Henri Cartier-Bresson, 1990.
La realtà può essere molte cose nello stesso momento. Basta saperla guardare nel segno della meraviglia: un percorso a cui vi invita la mostra “Max Mandel. Sguardi di luce” a cura di Giovanni Gazzaneo e Mauro Papa. Mandel (Milano, 1959) espone centoventi fotografie a Grosseto al Polo culturale Le Clarisse (via Vinzaglio 27) e al Museo Archeologico e Diocesano (piazza Baccarini 3), dal 26 ottobre al 1 dicembre 2024. Sei le sezioni in cui sono suddivise le immagini: Sguardi di luce, Istanti, Incontri, Architetture, Forme senza tempo, L’altra metà del lavoro.
In Sguardi di luce Mandel coglie particolari, anche minimi, e li traduce in immagini quasi astratte: giochi di luce e ombra su una parete, fiori in una vasca, aerei di carta in volo nella Galleria Vittorio Emanuele a Milano… Immagini raccolte nel corso di numerosi viaggi, dall’Europa, al Medio Oriente, all’Asia. Istanti raccoglie una serie di fotografie realizzate tra il 2016 e il 2107 con il telefono cellulare. Con Incontri protagoniste sono le persone. In Oltre la superficie l’occhio del fotografo si sofferma sulle suggestioni legate alle linee e ai volumi degli edifici, mentre in Forme senza tempo protagonista è la scultura. Infine, L’altra metà del lavoro raccoglie la ricerca di Mandel sul lavoro femminile: una serie di intensi ritratti in bianco e nero. Lo sguardo fugge un approccio retorico e la persona si offre in dialogo con il fotografo proponendo oggetti o simboli legati alla sua attività.
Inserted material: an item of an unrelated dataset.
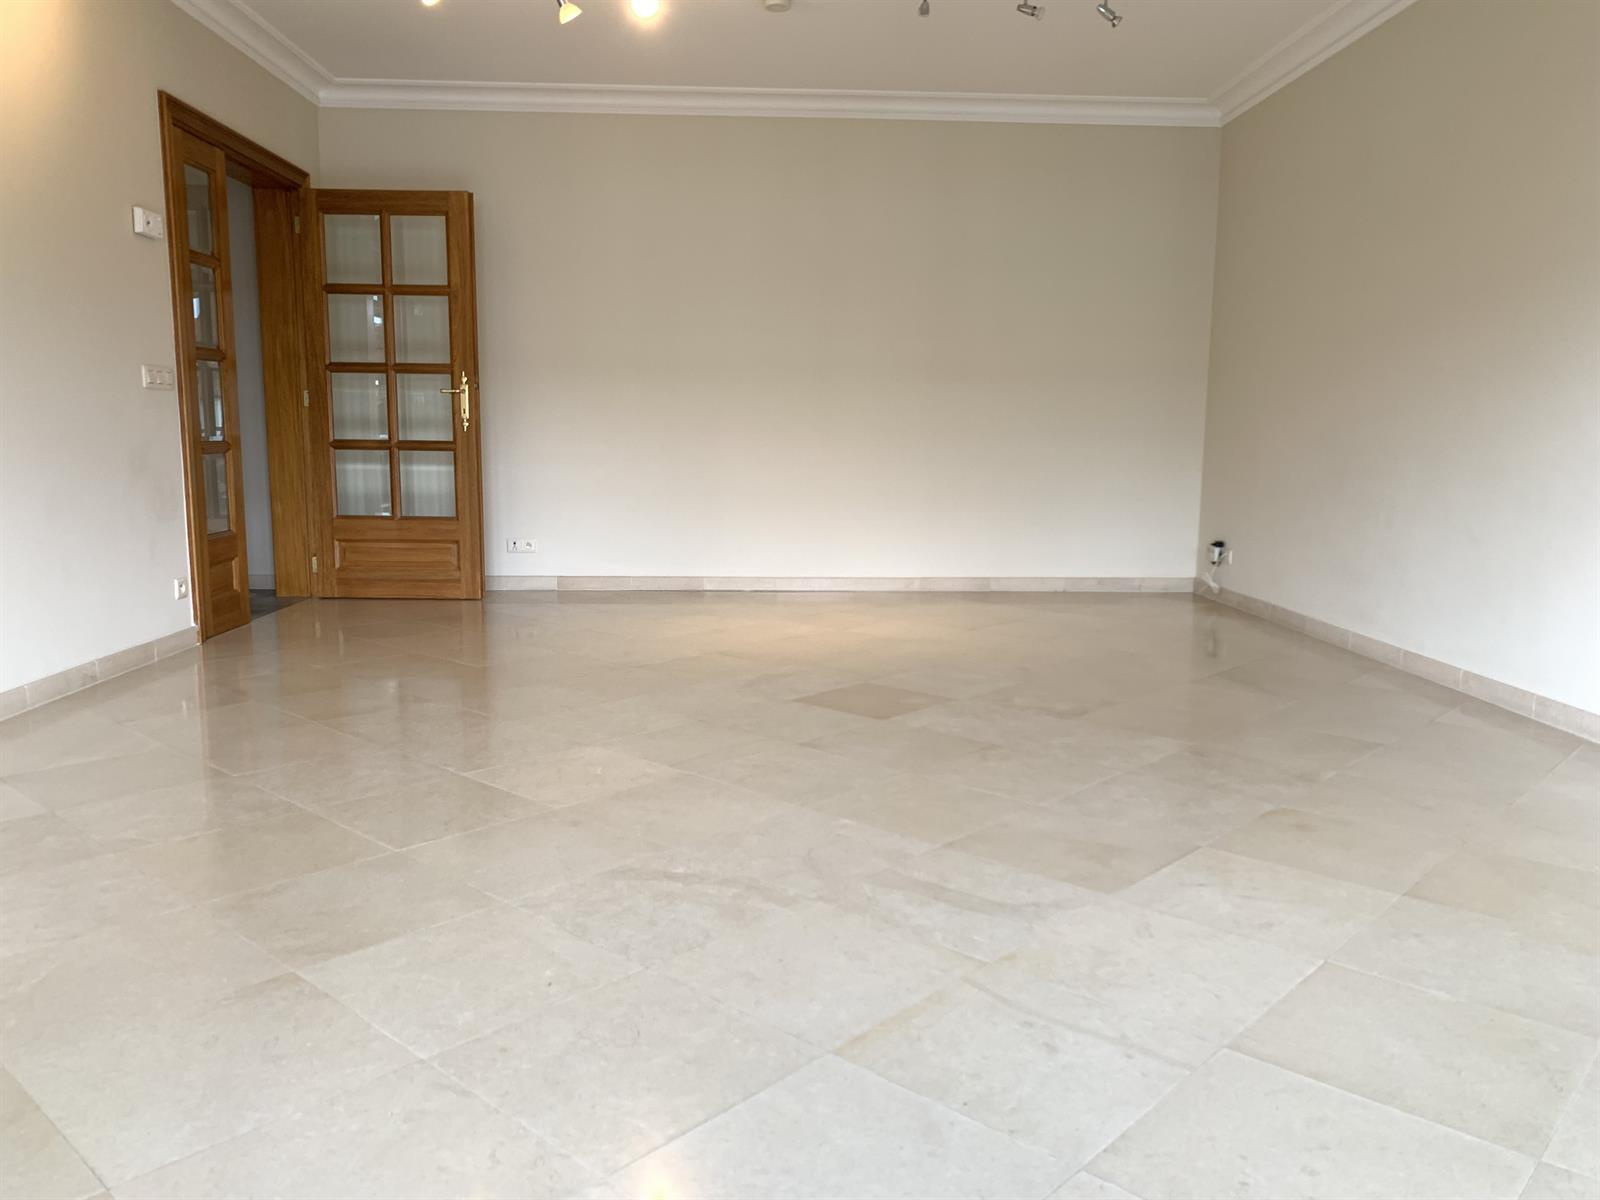 Appartement exceptionnel - Woluwe-Saint-Pierre - #4433517-23

«Lo sguardo di Mandel – scrive il curatore della mostra Giovanni Gazzaneo – è mosso dalla passione della bellezza del quotidiano. Capace di coniugare sapere e vedere, vuole offrirci della realtà non la superficie, che per quanto abbagliante è pur sempre scorza, ma l’essenza, la sua poesia più intima». Nei ritratti in bianco e nero o nella meraviglia cromatica di un particolare, alla base degli scatti di Max Mandel è sempre la realtà.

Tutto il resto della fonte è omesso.